Человек, мало-мальски наделенный чутьем и слухом к слову, никогда не усомнится в существовании Творца… Когда была опубликована статья русского ученого-филолога, ставящая под сомнение реальное существование Маштоца, кто ее заметил, кто ее прочел, кроме горстки специалистов? Вся Армения. И до меня, приехавшего год спустя, все еще доходили отголоски национальной бури. Чтобы взрослые люди и так волновались из-за каких-то буквиц…
Я испытал удивление и чувство неловкости. В течение одного дня я знал об истории армянского алфавита больше, чем об истории русского. Мне пришлось приблизить к себе никогда не волновавший меня вопрос…

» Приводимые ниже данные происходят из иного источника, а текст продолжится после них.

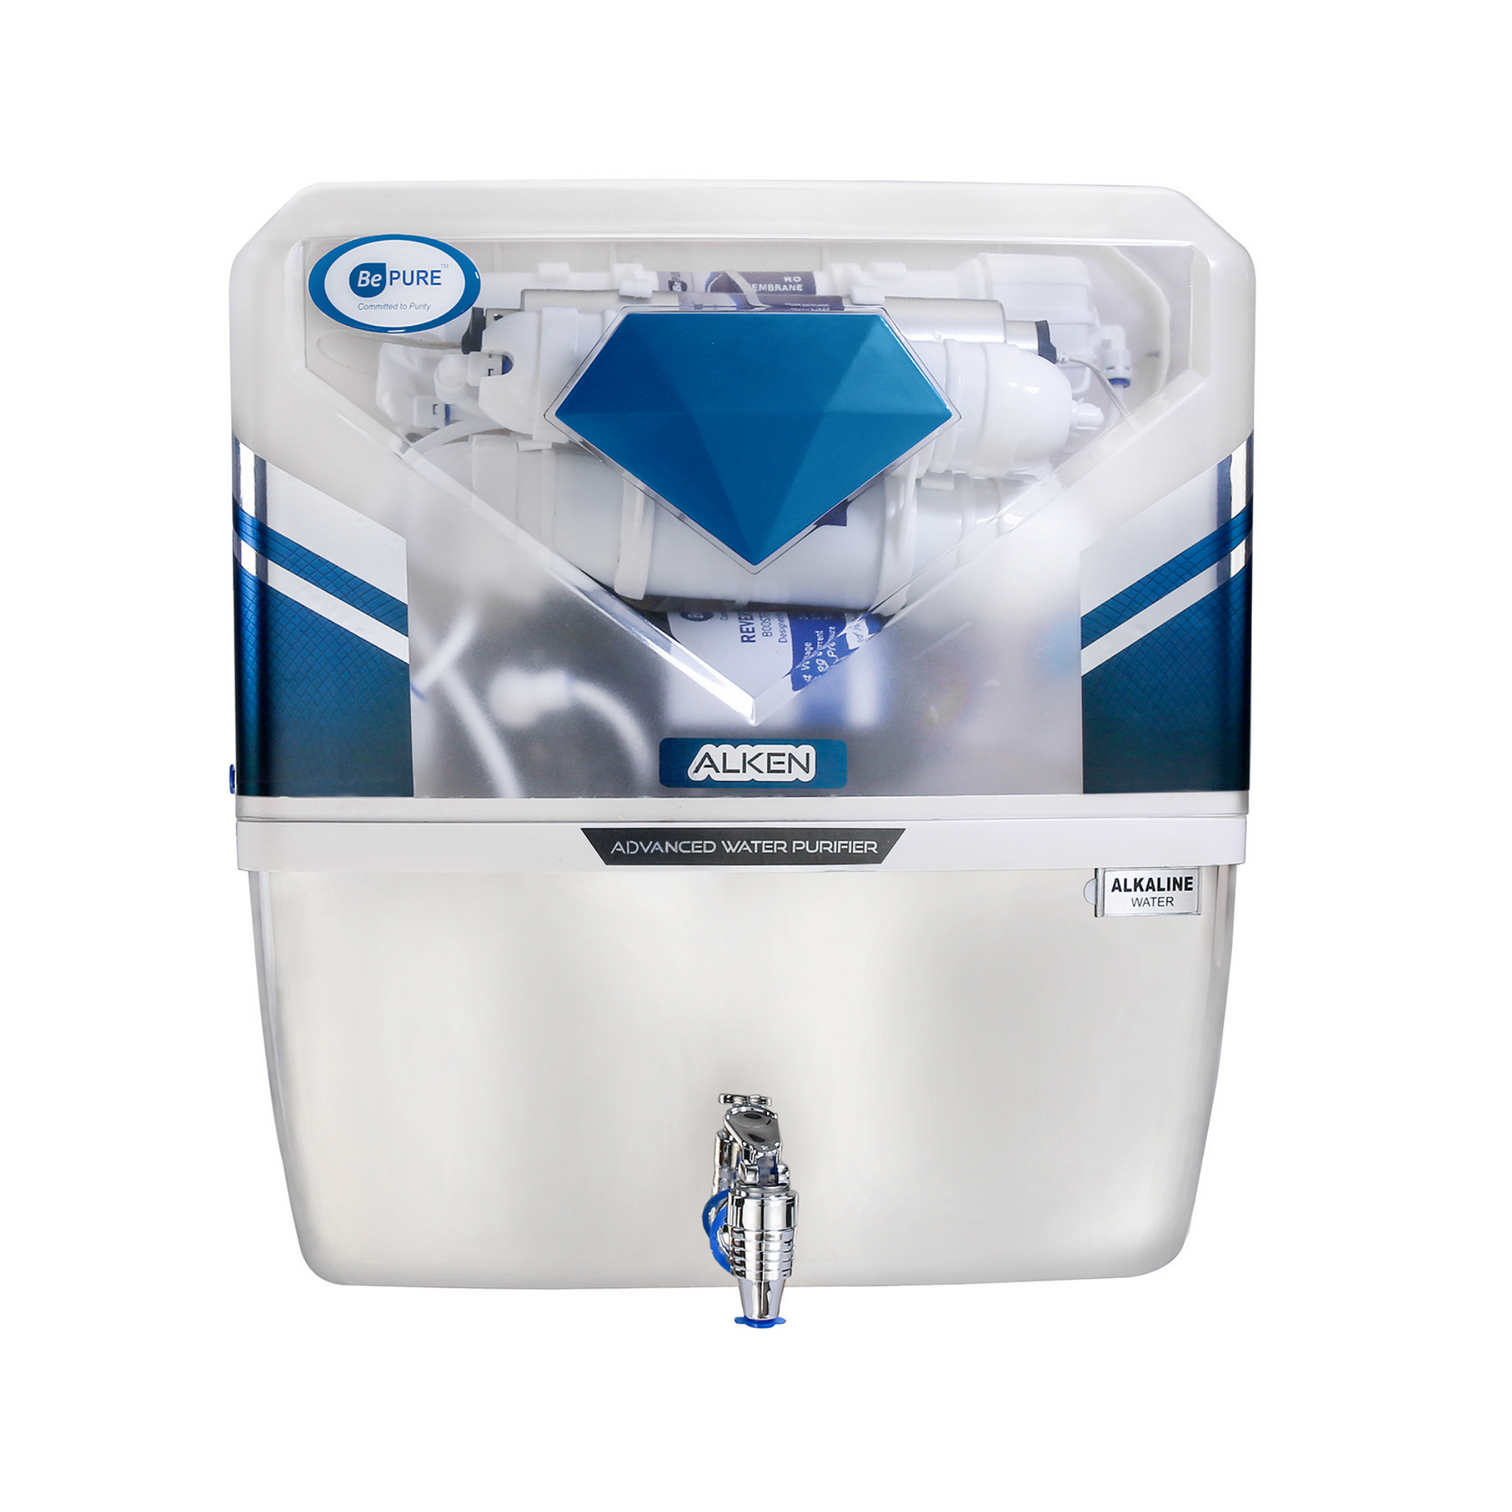 Bepure water purifier with stainless steel

Слово – самое точное орудие, какое было когда-либо у человека, но филология еще не достигла точности угаданного слова. Ей пристала скромность. Она при слове, а не слово при ней. Сомнение в существовании Маштоца оскорбительно для армянина. И я прекрасно понимаю его. И уж во всяком случае, такой алфавит не мог быть плодом трудов коллектива ученых-языковедов. Это уж точно.

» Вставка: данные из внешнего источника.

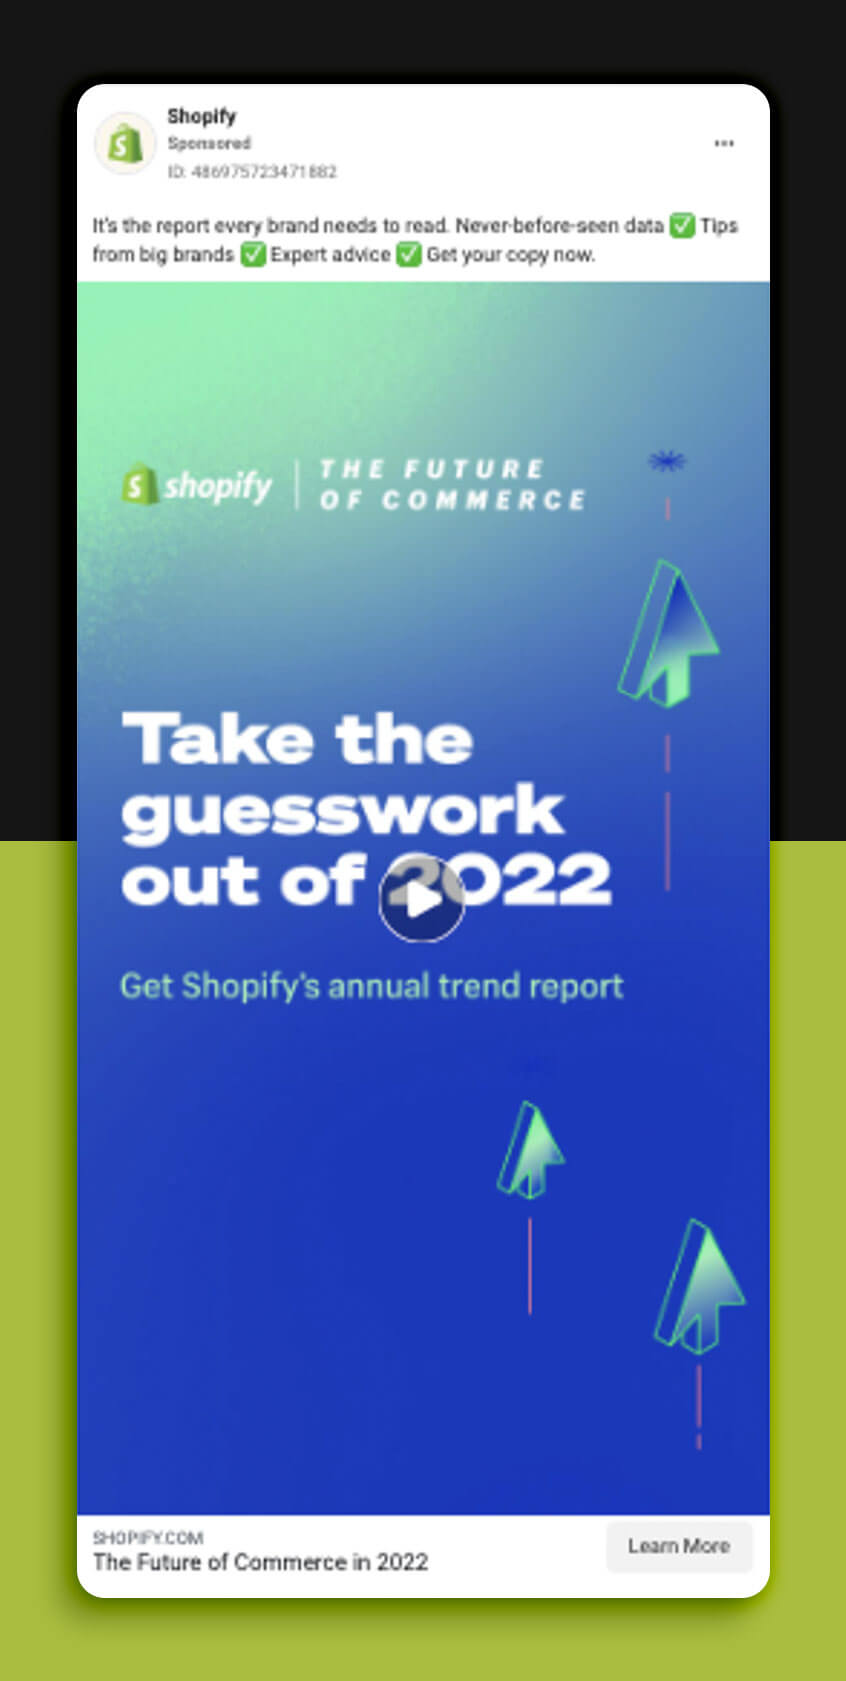 Most Successful Facebook Ads: Shopify and Never Before Seen Data

Армяне сохранили алфавит неизменным на протяжении полутора тысяч лет. В нем древность, история, крепость и дух нации. До сих пор рукописная буква не расходится у них с печатным знаком, и даже в книгах, в типографском шрифте существует наклон руки писца. Рукопись переходит в книгу, почти не претерпевая графических метаморфоз. И это тоже замечательно.
Прогресс, врывающийся в словарь, в правописание, унификация правил, упрощение начертаний – дело полезное для всеобщей грамотности, но не для культуры. Охрана языка от хозяйственных поползновений так же необходима, как и охрана природы и исторических памятников. Стоит вспомнить кириллицу – насколько она ближе по своей графике русскому пейзажу, русской архитектуре, русскому характеру…
Пресловутый анекдот об учителе гимназии, покончившем с собой из-за отмены ятей, в Армении не пользовался бы успехом. Он бы не был смешон. Такой человек в Армении мог бы быть национальным героем.
Больше всего меня веселит, что реформа правописания сэкономила много бумаги, что на одни отмененные твердые знаки в концах слов в «Войне и мире» набегает целый печатный лист, а в общегосударственном масштабе… Но эта экономия не перекроет макулатурного потока.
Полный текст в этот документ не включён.